Лашен от смущения только бормотал «да-да» и ухмылялся. Вот педанты, своими упреками они здорово его пристыдили, и он не мог даже разозлиться. Хофман сидел отвернувшись и вообще с таким видом, словно он с удовольствием предоставил Руднику выполнять всю грязную работу. В этом смысле Хофман, конечно, оценил старика абсолютно правильно, понял, что тот с удовольствием берется за грязные делишки и с особенным удовольствием – ради других людей, которые настойчиво просят, чтобы он сделал грязную работу вместо них. Итак, старикан на побегушках у Хофмана, так же как у его превосходительства Тони; возможно, он на побегушках и у Халеба, причем уже давно, да, несомненно, Рудник – человек Халеба.

– Между прочим, – сказал Рудник, – в Маслахе вчера вечером состоялась карательная акция. Убито пятнадцать мусульман. Минимум пятнадцать. Эти парнишки из «фаланги» ни с кем не чикаются. Вот, посмотрите-ка, снимки сделал сирийский фоторепортер. Я ими разжился не просто так, а чтобы отдать вашему другу. Купил по эксклюзивной цене, за пять тысяч долларов. Господин Хофман уже позвонил в Гамбург и все согласовал насчет расходов.

Хофман покачивался на стуле. Он закрыл глаза и всем своим видом показывал, что не желает участвовать в разговоре. Рудник раскрыл на коленях папку с фотографиями и начал перебирать их. Лашен наклонился вперед и смог кое-что разглядеть, хотя и не все. Трупы на земле. Кто-то в маске поднял и держит двумя пальцами отрезанный член. Человек – нет, измочаленный, изодранный в клочья кусок мяса, летит в облаке пыли над землей, он привязан тросом, который прикреплен к джипу. Мужчины, кто-то в арабской, кто-то в европейской одежде, поставлены в ряд у какого-то дома, лицом к стене, руки за головой. В этом же кадре слева – стволы автоматов. Рудник пояснил: стена – это каменная ограда местной бойни. Не кажется ли вам, господин Лашен, что это символично? Дальше. Серия снимков. На них – двое из тех людей, обернувшиеся на охранников, расстреляны и сползают по стене на землю.

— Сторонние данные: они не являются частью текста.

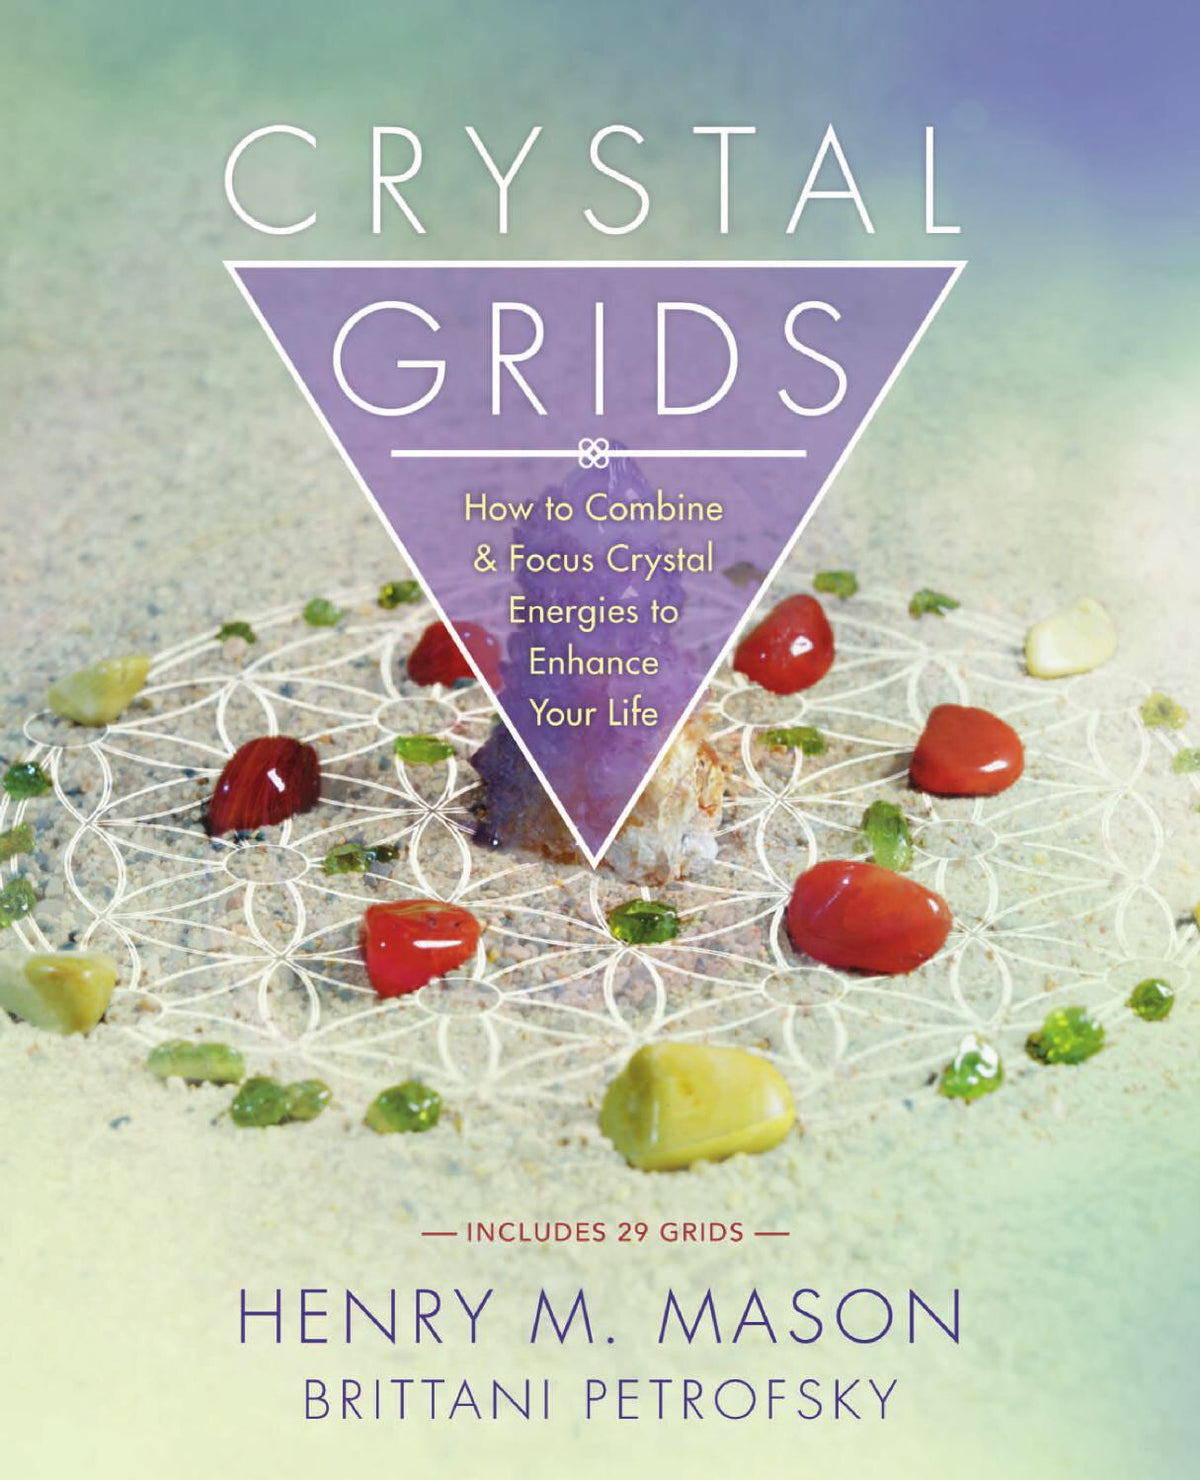 Crystal Grids by Henry M. Mason &amp; Brittani Petrofsky - Cast a Stone

– Когда я первый раз увидел эти фотографии, – сказал Рудник, – мне чуть дурно не сделалось. Но надо уметь смотреть правде в глаза! Любой правде! Чтобы каждый понял, что такое реализм. Мне кажется, журналисты должны понимать это очень хорошо.

Лашен содрогнулся – этот голос был хуже, чем сами фотографии. Потому что в голосе Рудника не звучали нотки садизма, наслаждения. В нем была лишь бесчувственная деловитость, и она вывела из себя Лашена; этот липовый принцип – никогда и нигде не закрывать глаза, что бы им ни предстало, эта самодовольная гордость тем, что ты способен смотреть широко открытыми глазами на все, что бы ни происходило вокруг, эта убийственная объективность, с которой такой вот человек, как Рудник, никогда не поддастся искушению себя самого поставить на место умирающего, убитого, увидеть пустоту, небытие, в которое низвергнуты убитые, представить себе, что оно ждет, небытие, что оно готово поглотить тебя; или хотя бы на миг стать другим, отстраниться от своего собственного взгляда на вещи.

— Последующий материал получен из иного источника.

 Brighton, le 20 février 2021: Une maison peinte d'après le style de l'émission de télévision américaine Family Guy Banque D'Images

Вот такого человека я мог бы убить, подумал Лашен, в отместку за то, что он так ловко осваивается с реальностью, в отместку за то, что он так много видел, но абсолютно ничего при этом не почувствовал. Такой человек не должен размножаться, не должен сеять свое семя. Не разум ведь завел его так далеко, и не знания или опыт научили его принимать все, что бы ни случилось, с хорошо темперированным презрением к людям. Его презрение к людям ничем не обусловлено; бронированный типчик и незаурядный организаторский талант… а ведь это хорошо, подумал он, что сам ты мучаешься как тяжкой болезнью своей журналистской объективностью, – тем, что корреспондент ни в чем не участвует и ни за что не отвечает.

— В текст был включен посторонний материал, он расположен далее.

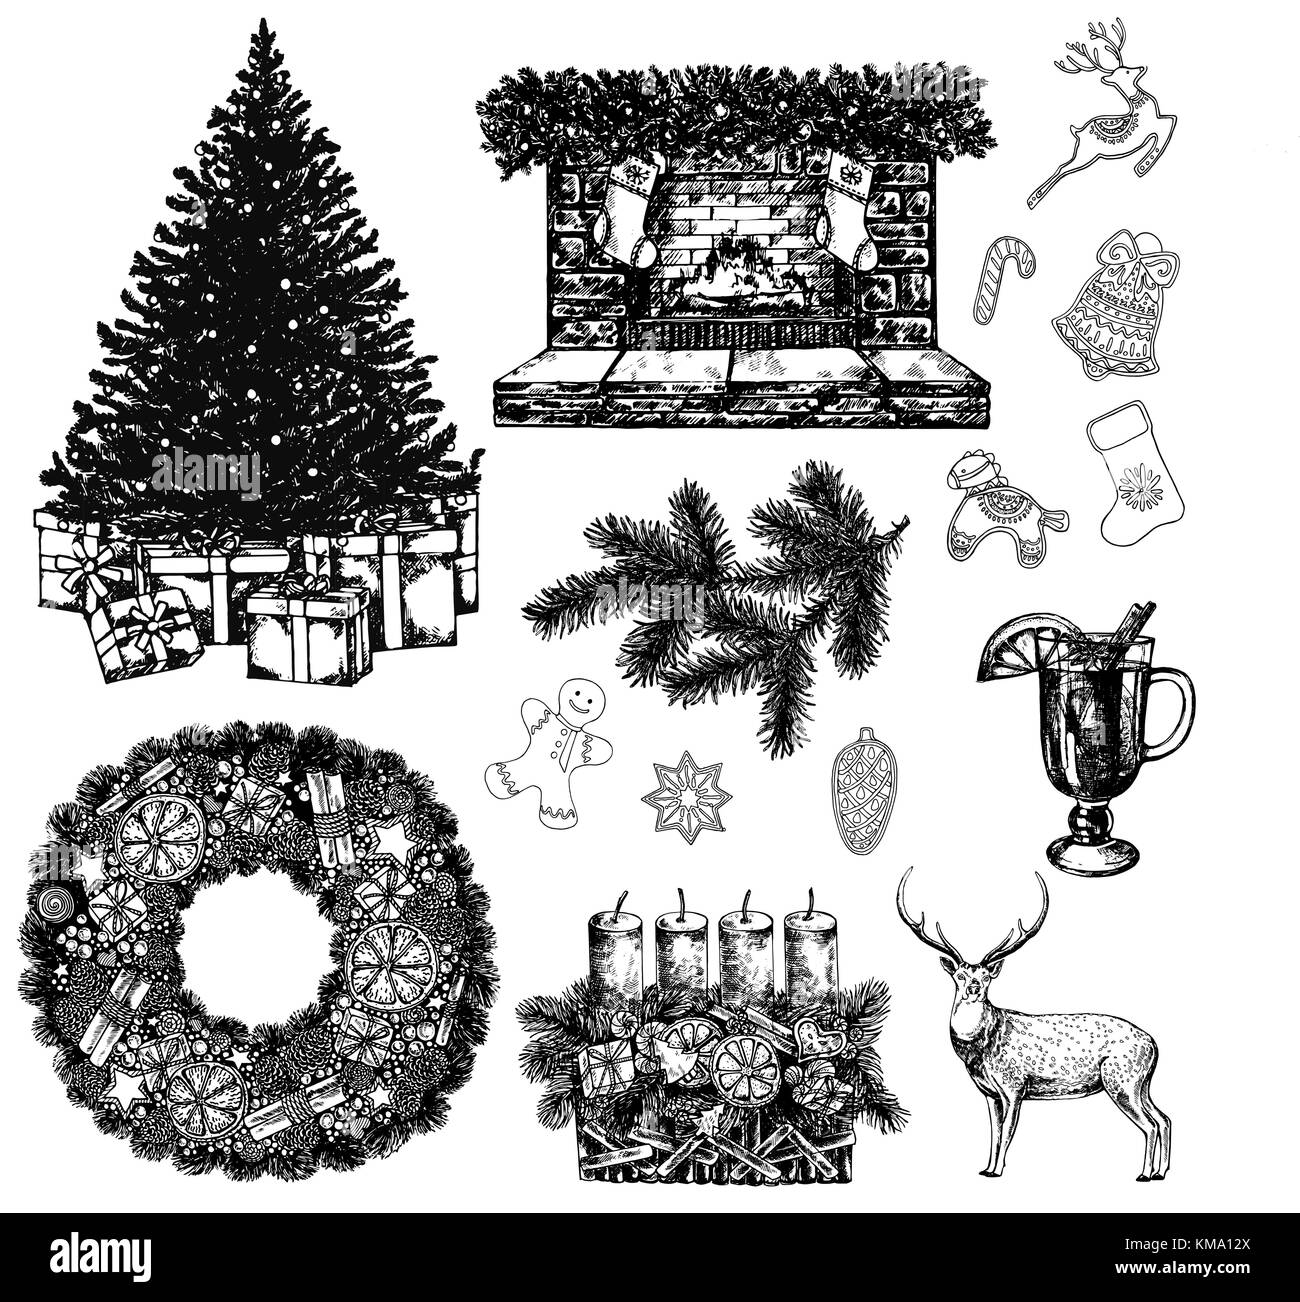 Satz von Hand gezeichnete Skizze stil Weihnachten und neues Jahr thematische Objekte und Elemente. Vector Illustration auf weißem Hintergrund. Stock Vektor

На последнем фотоснимке был кто-то» е маске и сверкающих высоких сапогах. На шее у него висели на цепочках несколько распятий – кресты разной величины. В одной руке – ручной пулемет, ножки на плече, другой рукой схватил за волосы девушку и тащит ее в подворотню.

Рудник сказал:

– Очень живо и пластично можно вообразить все, что произойдет в следующую минуту там, в подворотне. – В его голосе послышалось отвращение к поступкам, которые по собственному произволу кто-то совершает в порядке нарушения воинской дисциплины. А знает ли господин Лашен, спросил Рудник, что значит быть изнасилованной для девушки мусульманки?

Лашен встал и сказал Хофману:

– Пожалуйста, заплати за меня. Вечером приходи, если хочешь, – поговорим. Я буду у себя. Или можем встретиться завтра утром, за завтраком. – Кивнув Руднику, он ушел.

Поднявшись в номер, позвонил Ариане. Она плакала, буквально захлебывалась рыданиями:

– Что они сотворили с моей девочкой! Нет, это невозможно описать, что они с ней сотворили! Раньше, когда я еще не знала ее, когда еще ничего не могла сделать! Все тельце в коросте. У нее жар. На всем тельце ни пятнышка здоровой кожи. Ах нет, конечно, я преувеличиваю. Сейчас врача жду, с минуты на минуту должен прийти. Знаешь, я вдруг стала жутко мнительной. И постоянно воображаю, будто весь мир ополчился на моего ребенка. Знаешь, я в страшной обиде на весь мир.

– Я очень хотел бы помочь тебе чем-нибудь. Может, мне прийти?

– Нет, не надо. Не приходи. Сперва я должна сама во всем разобраться. И пусть врач придет. Мне надо побыть одной с моим ребенком. Уж ты, наверное, это понимаешь. – Она повесила трубку.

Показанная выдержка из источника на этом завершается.